DockYard / elixir-mail

Build composable mail messages
405 stars 65 forks source link

Charset handling? #78

Open johnnyshields opened 6 years ago

johnnyshields commented 6 years ago

It looks like this library handles base64 etc. encoding of the mail but not the charset of decoded mail, for example ASCII, SHIFT-JIS, ISO-2022-JP, etc. (Please correct if I'm wrong)

Ruby's Mail gem handles this nicely, refer to [the

pick_encoding method](https://github.com/mikel/mail/blob/master/lib/mail/version_specific/ruby_1_9.rb#L186)
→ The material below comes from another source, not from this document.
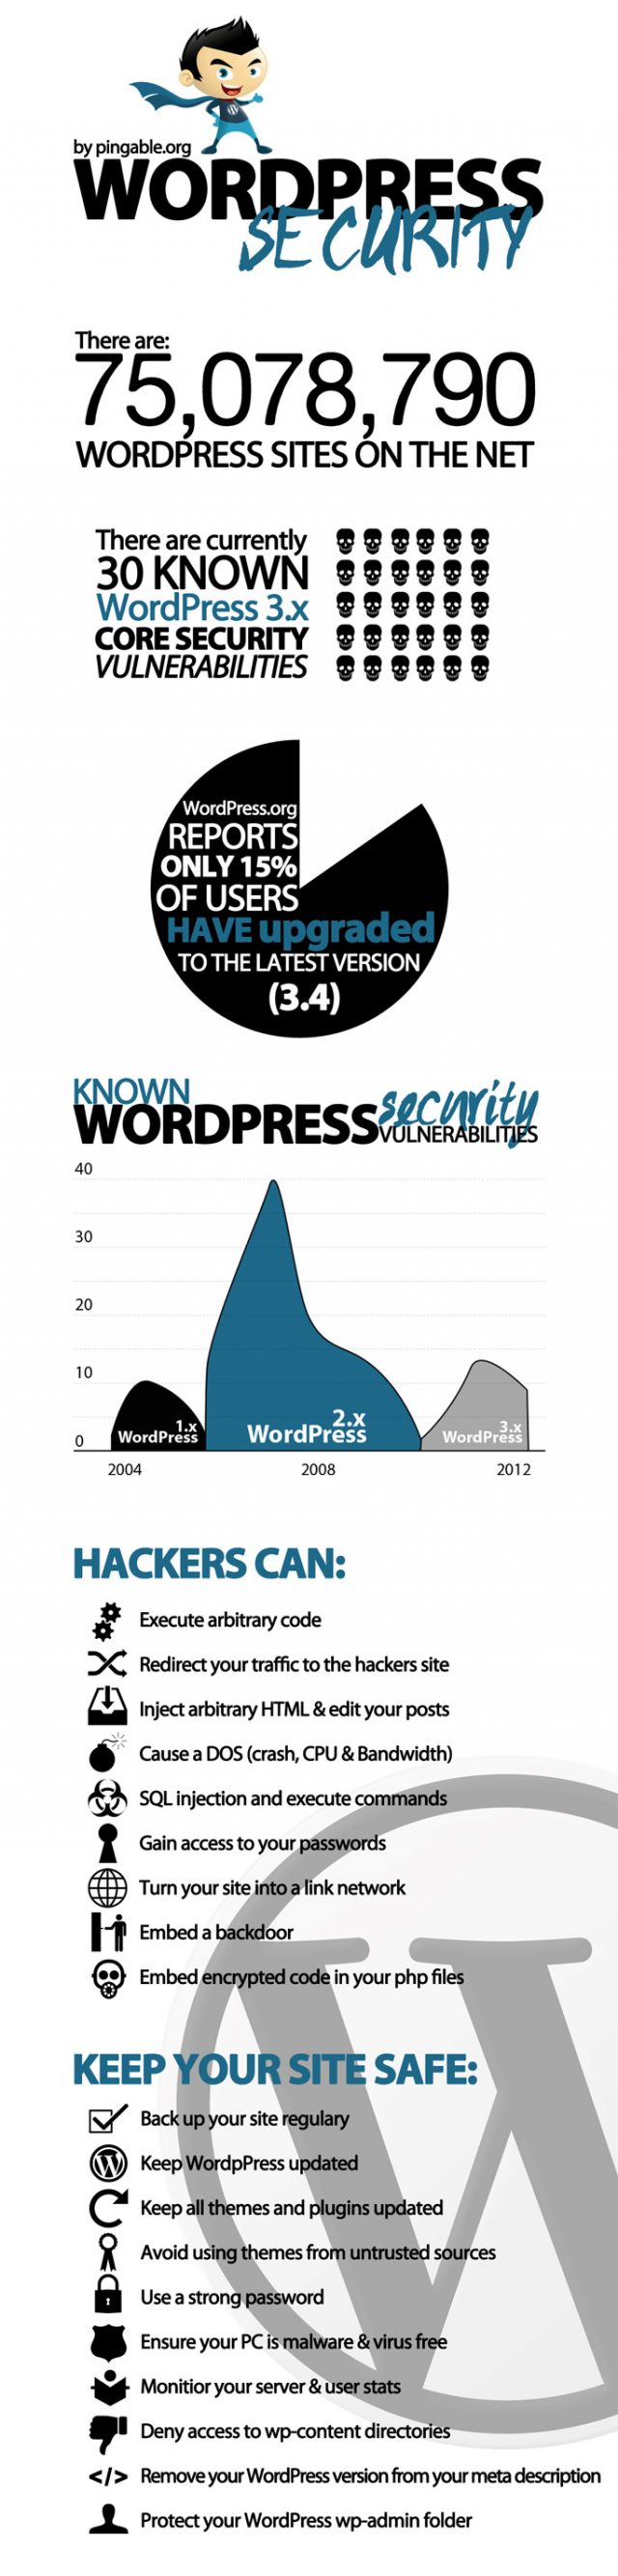 WordPress : Sécurité

bcardarella commented 6 years ago

There are multiple encoders: https://github.com/DockYard/elixir-mail/tree/master/lib/mail/encoders

I'm open to adding additional encoders, or even better opening the API to allow for custom encoders

johnnyshields commented 5 years ago

FYI we ended up using Erlport to call this Ruby script as a way to ensure all mails are converted to UTF-8.

require 'mail'
require 'json'

def parse_body(body)
  message = Mail.new body
  build_mime_map({}, message).to_json
end

def build_mime_map(mime_map, message)
  type = extract_type(message)
  body = extract_body(message)

  mime_map[type] = (mime_map[type] || '') + body
  message.parts.reduce(mime_map, &method(:build_mime_map))
end

def extract_type(message)
  main_type = message.main_type || 'multipart'
  sub_type  = message.sub_type || 'alternative'
  "#{main_type}/#{sub_type}"
end

def extract_body(message)
  charset = message.charset
  encoding = charset ? Mail::RubyVer.pick_encoding(charset) : 'UTF-8'
  body = message.body.decoded.force_encoding(encoding)
  body.encode('UTF-8', invalid: :replace, undef: :replace)
end